4] use texture array, but for each cascade submit their own set of draw calls, THERE _IS_ oprortunity to clip them independently, so the win is total number of vertices processed by VS (for points 1, 2 the total was 3M, for 3 it was 12M!, for 4 it was 6M) but the loos is total number of batches (for 1, 2, 3 it was 972, for 4 it was 1944)

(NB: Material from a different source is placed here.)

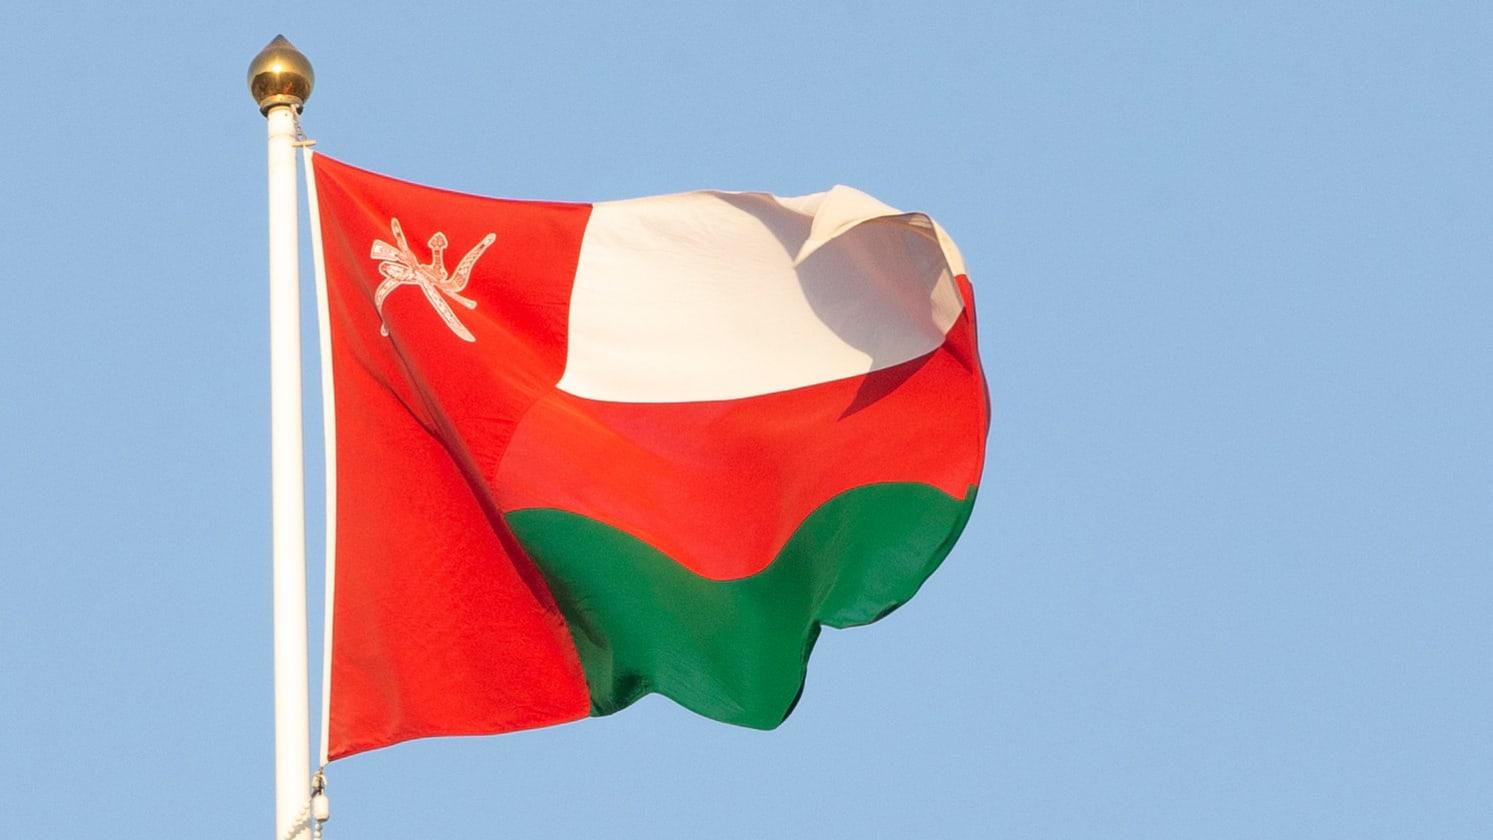 عاجل : لمواطنو سلطنة عمان بإمكانكم الحصول على تأشيرة دخول مباشرة إلى هذه الدولة عبر المنافذ الحدودية

FPS = 42.1 - if all is submited to base context, 44.1 if 4 deferred contexts are used and each is created on different sheduler task, then all of them are submited at once  into base context)


for 3 there is probably chance to outperform 4 if some neat way of clipping is introduced, but for now i have no time for this and i'm stick with it as-is since i need to get with batches as low as possible since other parts of engine demands them.


blink.png That seems quite low in terms of performance, but hey context and unoptimized. Thanks for sharing, a doubling in performance seems pretty clear.

#5110020 Cascaded Shadows maps, texture atlas or texture array?

Posted by Frenetic Pony on 17 November 2013 - 04:32 PM

If you want to do some profiling by all means share results!

#5108544 Voxel Cone Tracing Experiment - Part 2 Progress

Posted by Frenetic Pony on 11 November 2013 - 03:33 PM

That's a similar idea to what others already did, which is just downsample before tracing and then upsample the results (with some trickery for fine edges). The main problem with just doing cells is that an always present (and temporally stable) specular term is part of the thing that really sells GI to begin with. Still, it's an idea if you're really performance bound.


I think I mentioned a similar idea but just for particles, which are going to be diffuse only anyway for the most part and would be really helpful with layers of transparency. And now that I think about it, it would also work well for highly distant objects. While specular doesn't actually fall off of course, anything but primary specular (say from the sun) shouldn't be too noticeable really far away.


As for transparency, "inferred" or stippled transparency rendering would be really useful for cone tracing. I'm not sure you could also downsample the tracing simultaneously, but it would still prevent tracing from multiple layers of transparency.


As for using a directed acylic graph. I've been thinking that you'd need to separately store albedo/position information, mipmap that, and then figure out a way to apply lighting to different portions dynamically and uniquely using the indirection table. If you're missing what I'm talking about, a Directed Acylic Graph would converge identical copies of voxel areas into just one copy, and then use a table or "indirection table" to direct the tracing to where each copied block was in worldspace.